Records contained in a dataset:
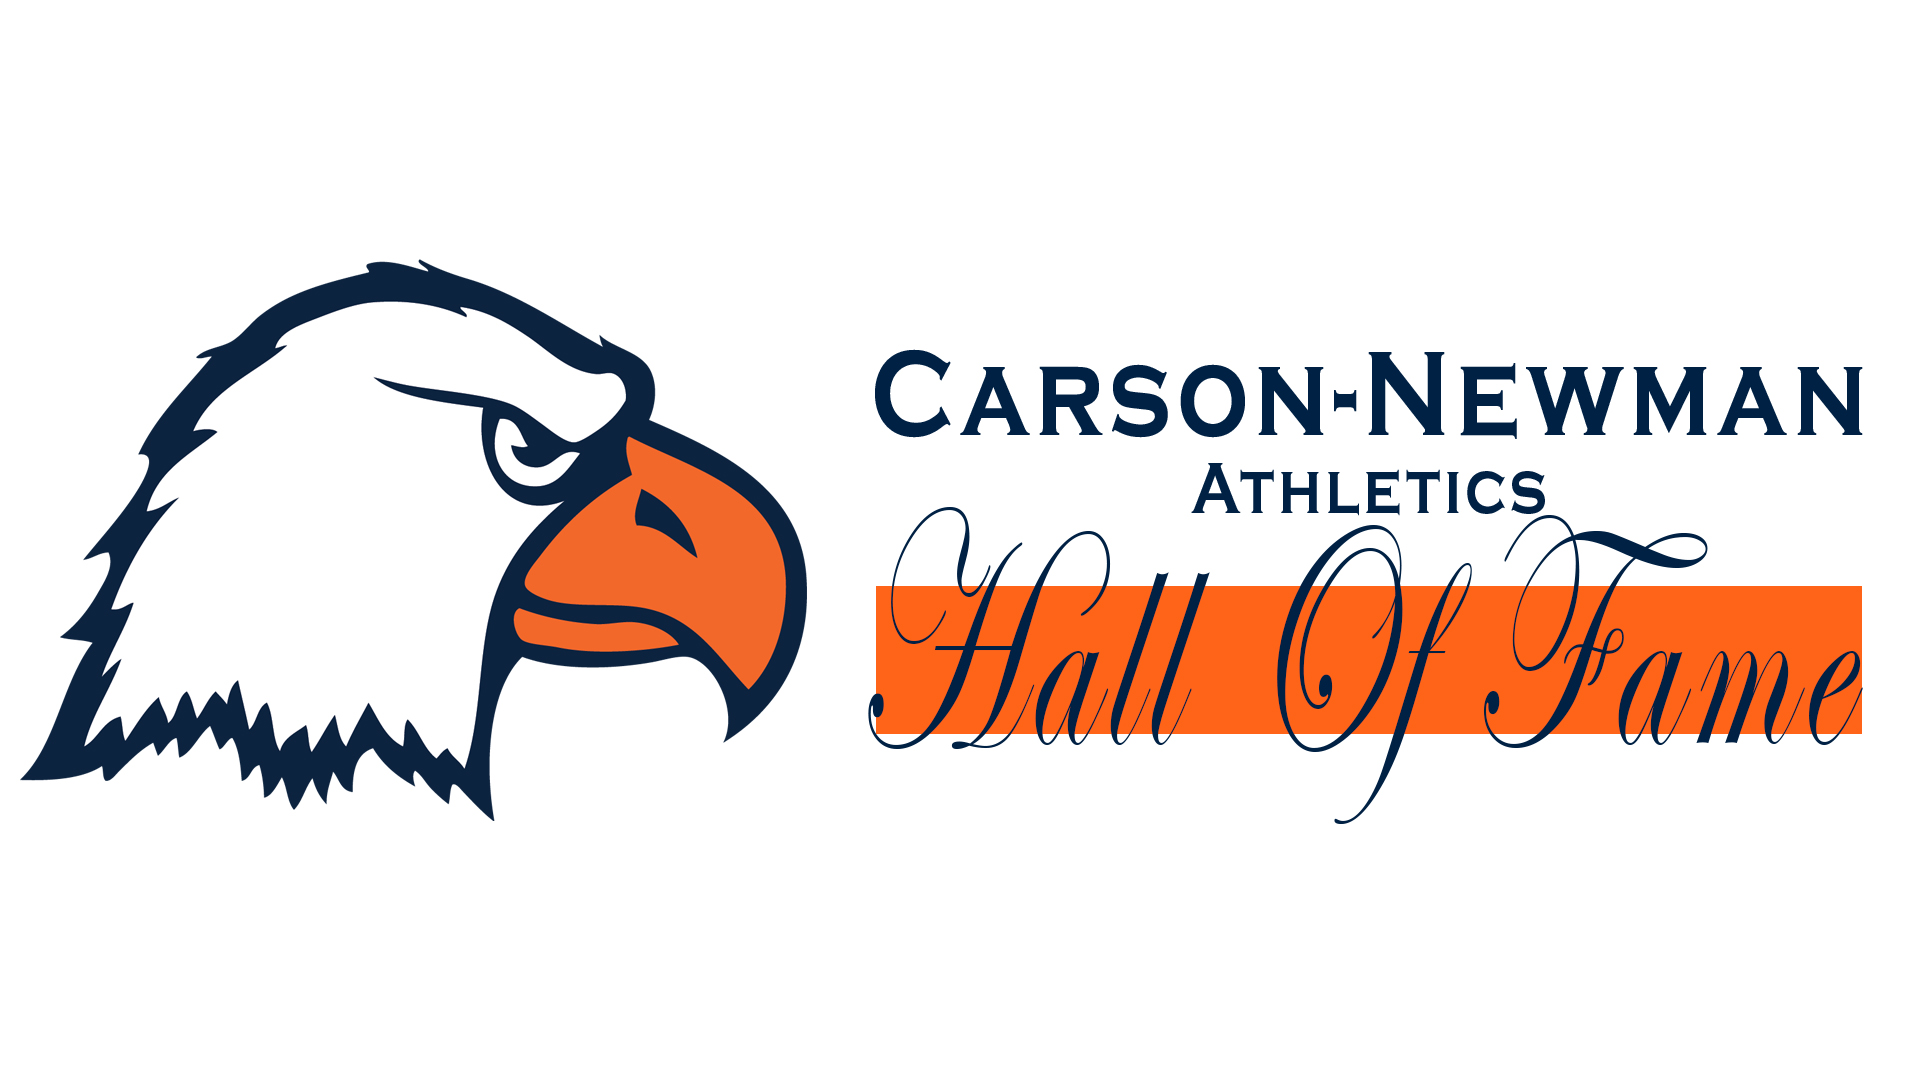 Carson-Newman Athletics Hall of Fame Ceremony set for Friday
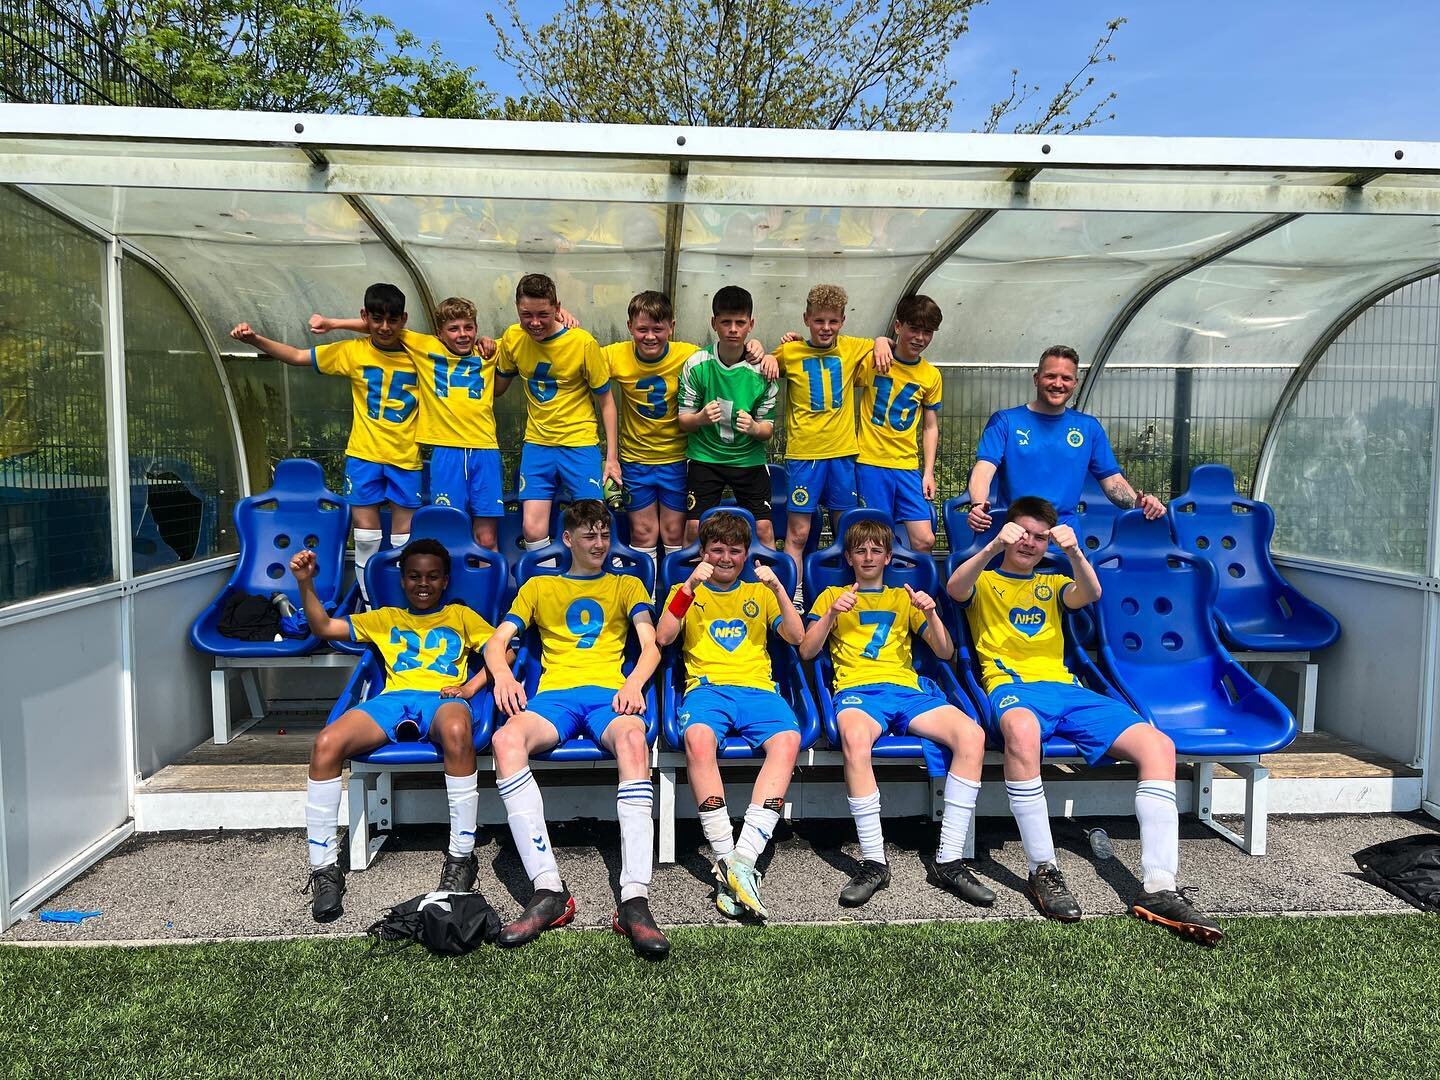 On Sunday it was a very competitive and hard fought match between two passionate sides seeing Ramsgate Yellow take an initial 1:0 lead against Risers U13 Blues. 

An incredible return shot from easily 60m and within our own half made it 1:1. A phenom
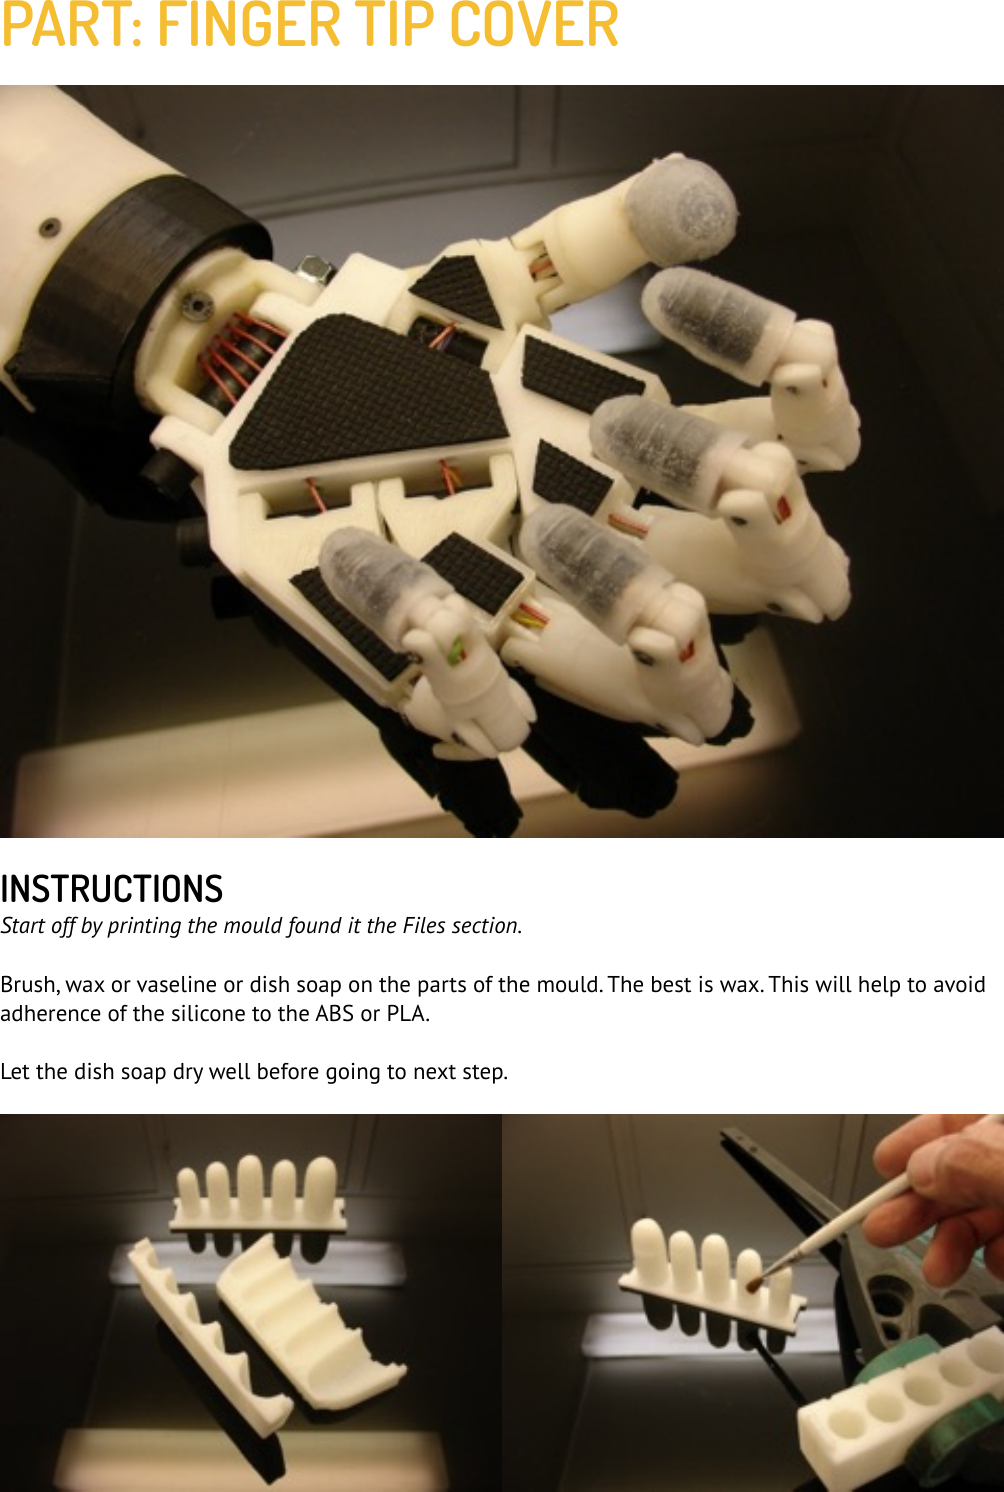 Page 1 of 5 - Finger Tip Cover Instructions
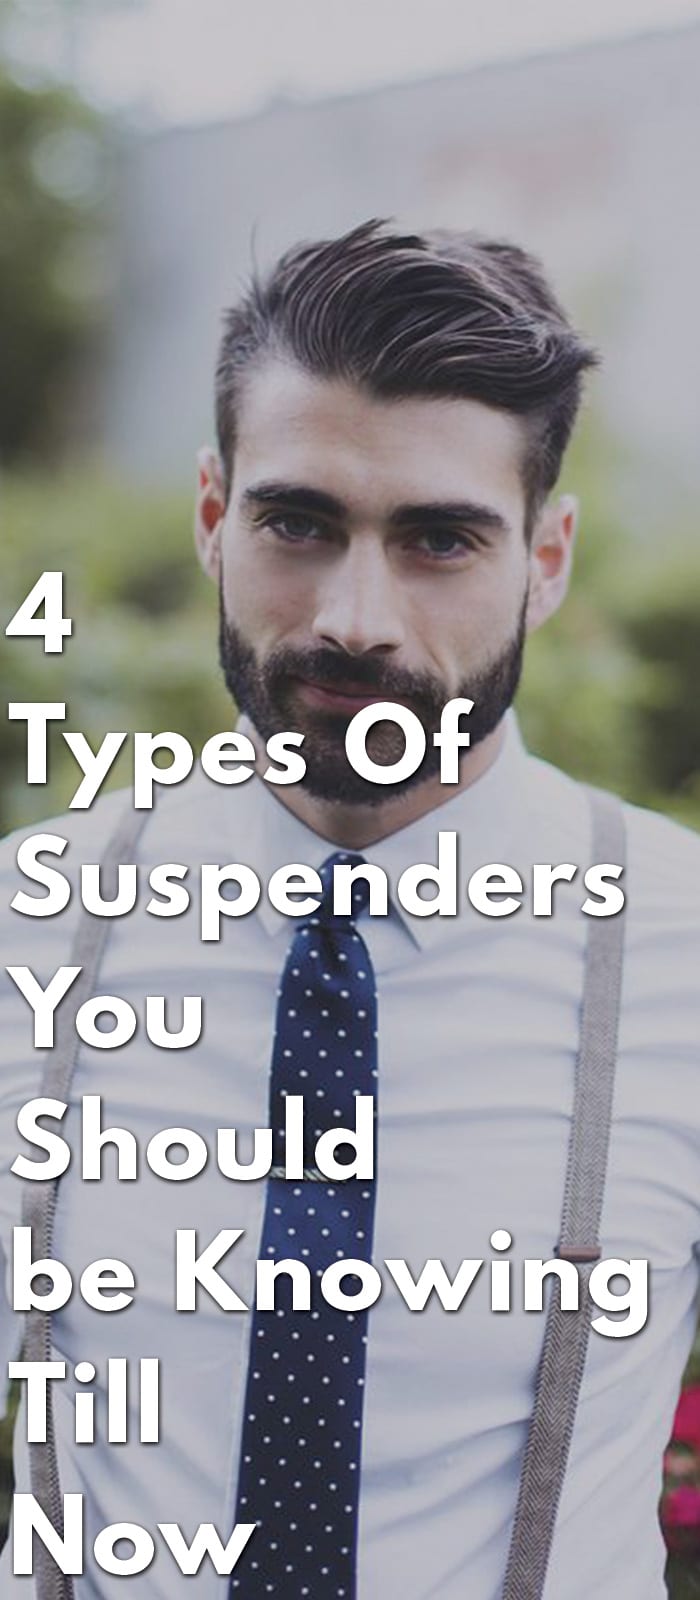 4-Types-Of-Suspenders-You-Should-be-Knowing-Till-Now

#### [BRIEF]
In the copy, each entry above must match exactly, and no picture may be carried over.

#### [RESULT OF THIS TASK]
 Carson-Newman Athletics Hall of Fame Ceremony set for Friday
 On Sunday it was a very competitive and hard fought match between two passionate sides seeing Ramsgate Yellow take an initial 1:0 lead against Risers U13 Blues. 

An incredible return shot from easily 60m and within our own half made it 1:1. A phenom
 Page 1 of 5 - Finger Tip Cover Instructions
 4-Types-Of-Suspenders-You-Should-be-Knowing-Till-Now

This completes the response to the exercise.